Announced last month, the deal pegs each Core Scientific share to 0.1235 of a CoreWeave share, which at the time implied a value of about $20.4 per share.
CoreWeave’s stock has since fallen by between 26% and 30%, reducing the effective valuation to just over $13 per share. Core Scientific shares, meanwhile, showed a modest recovery in intraday trading on Thursday, rising 1.7% to $14.35, Google Finance data shows.
The drop has sharpened scrutiny of the deal’s terms, with some investors pointing to patterns seen in other contested all-stock mergers.
The situation is common in all-stock deals, especially when large shareholders began as “distressed debt investors” who converted bonds into equity in a reorganization, according to Jeffrey Emanuel, founder and CEO of blockchain infrastructure firm Pastel Network.
“Those investors tend to lean more activist and are more aggressive in defending their rights, as is the case here,” Emanuel told Decrypt.
Investors against a stock transaction will “either want more of the consideration to be in the form of cash or a less volatile security (e.g., preferred equity), or they will want a more favorable merger ratio,” he added.

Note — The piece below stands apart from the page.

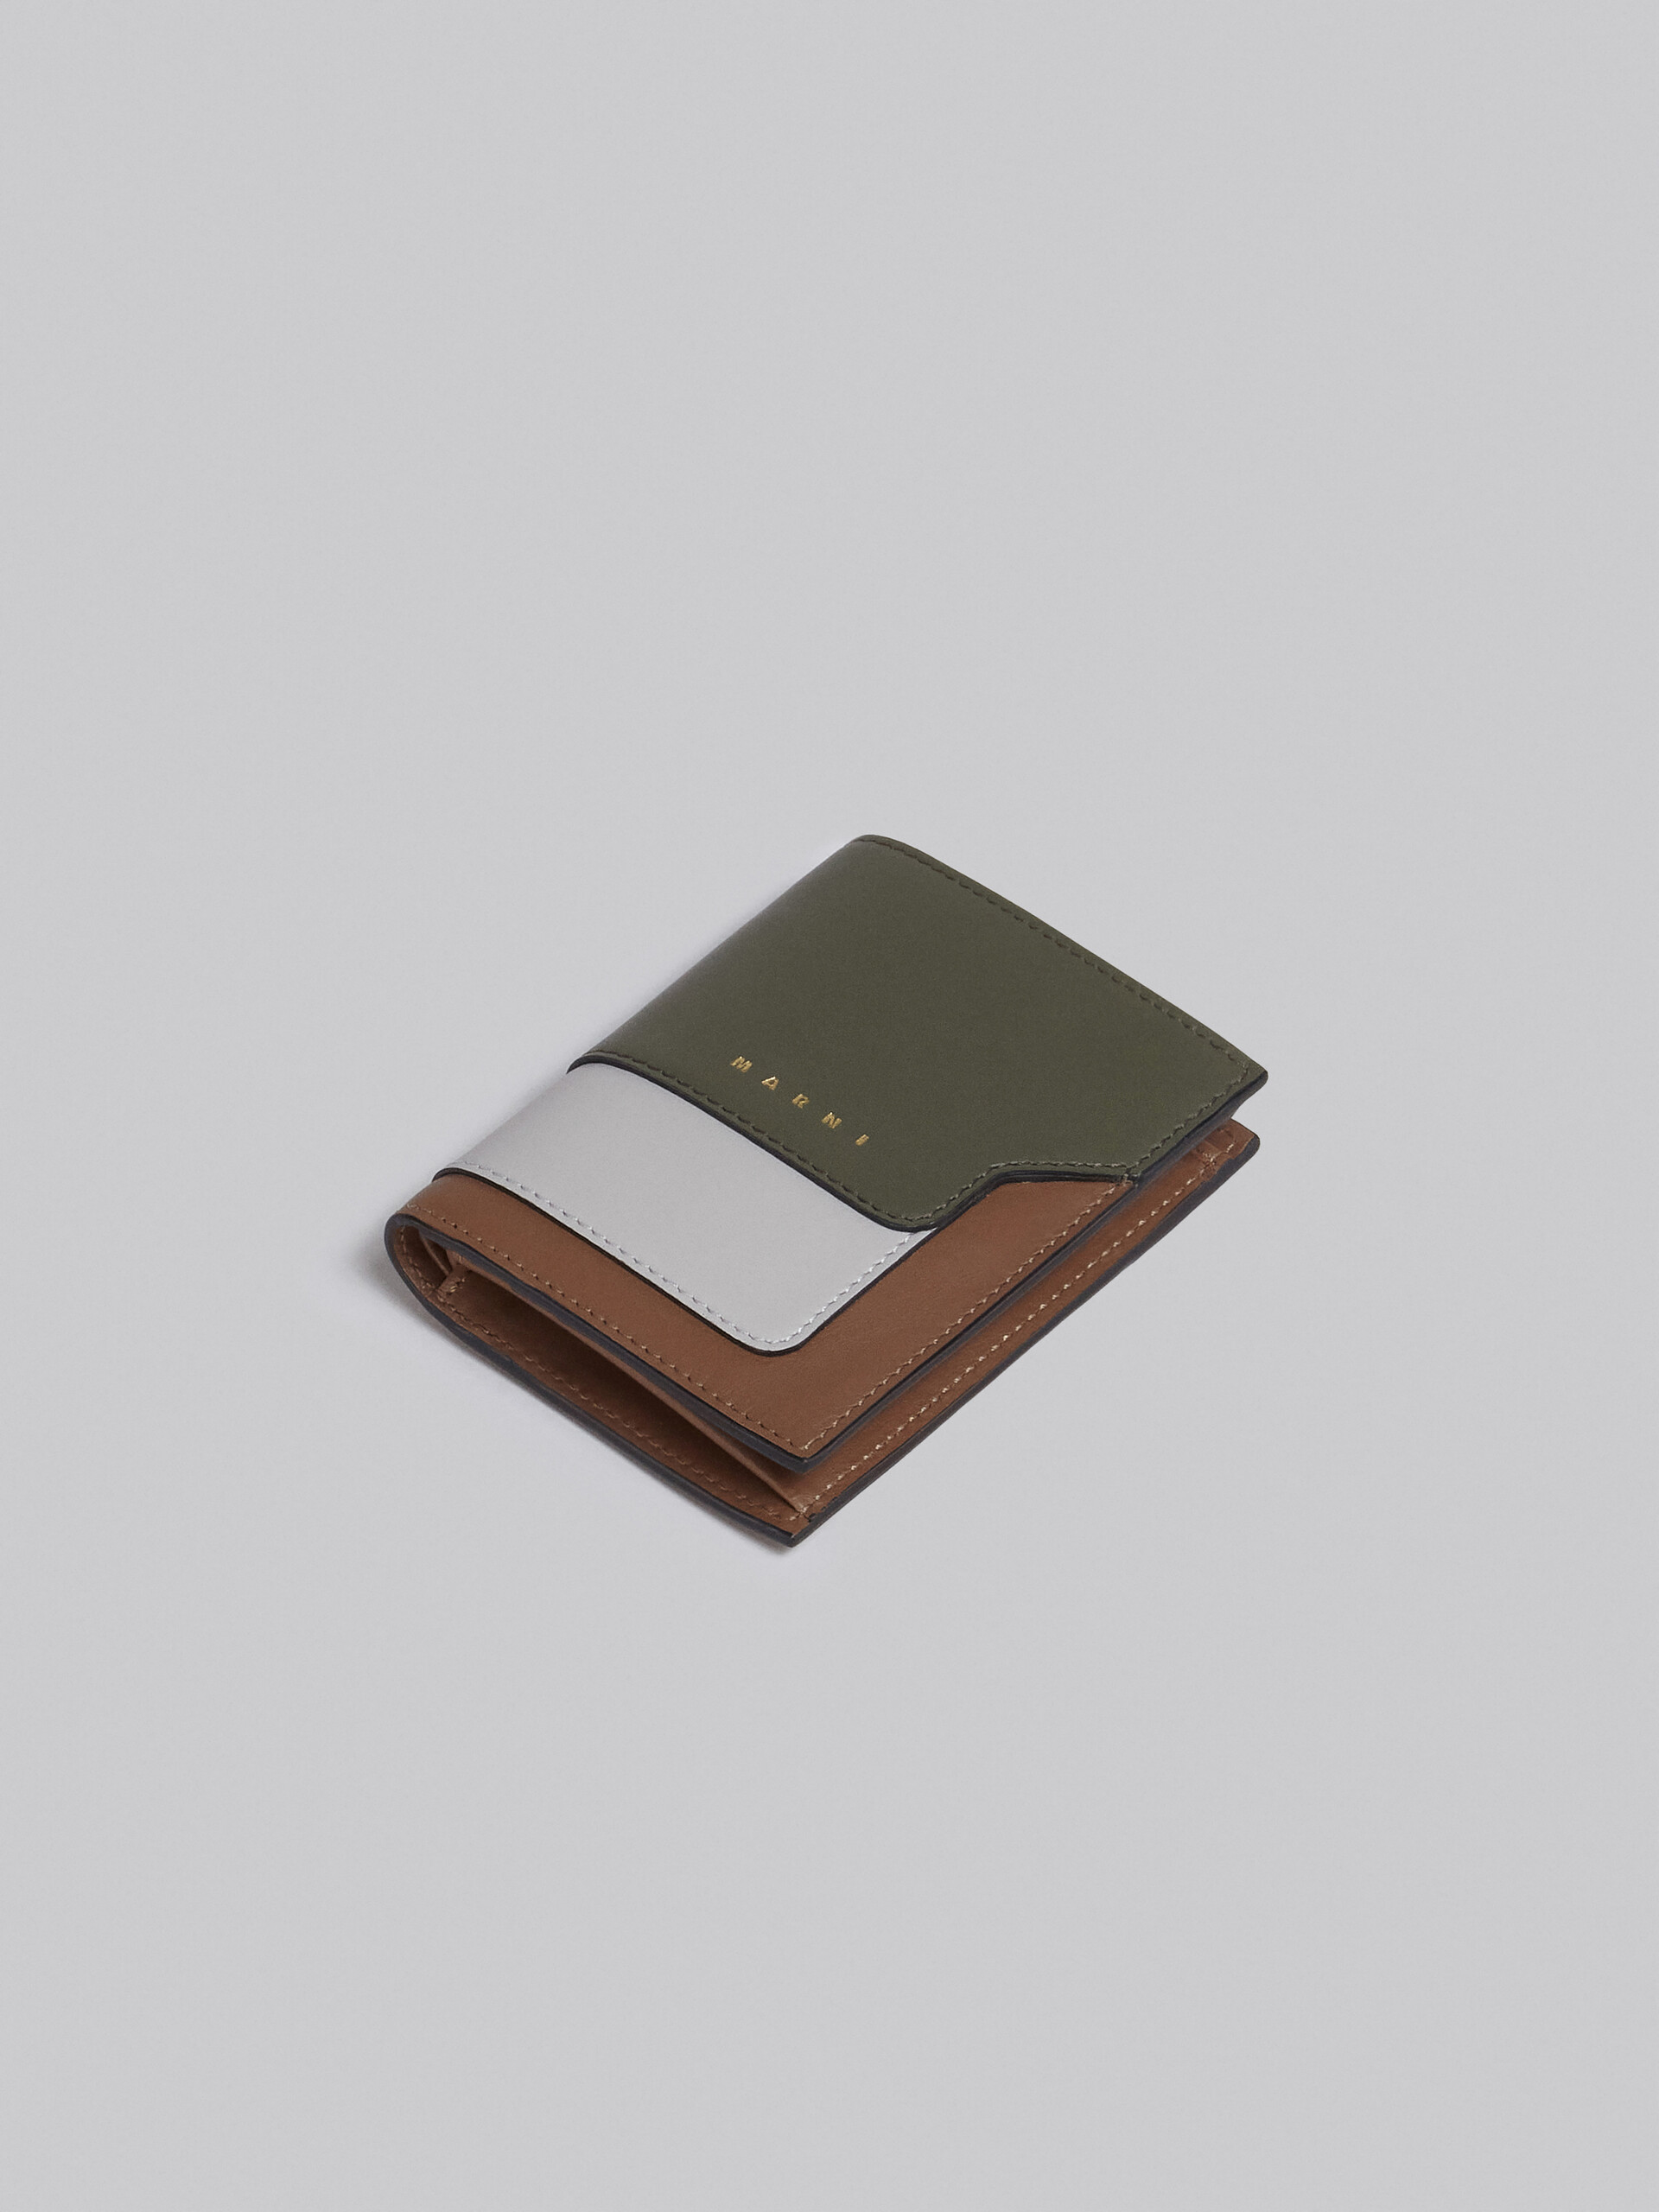 Green grey and brown leather bi-fold wallet - Wallets - Image 5

Still, CoreWeave would likely be “unwilling to do those things because it’s in their interest to use their inflated stock as a currency,” he said.
What is at issue, instead, is the “wildly inflated valuation” of CoreWeave stock, Emanuel said, particularly with its IPO lockup set to expire in a month, a milestone he expects will “likely put pressure on the share price.”
A shareholder vote on the deal is expected later this year, a timing that could add volatility to both companies’ shares.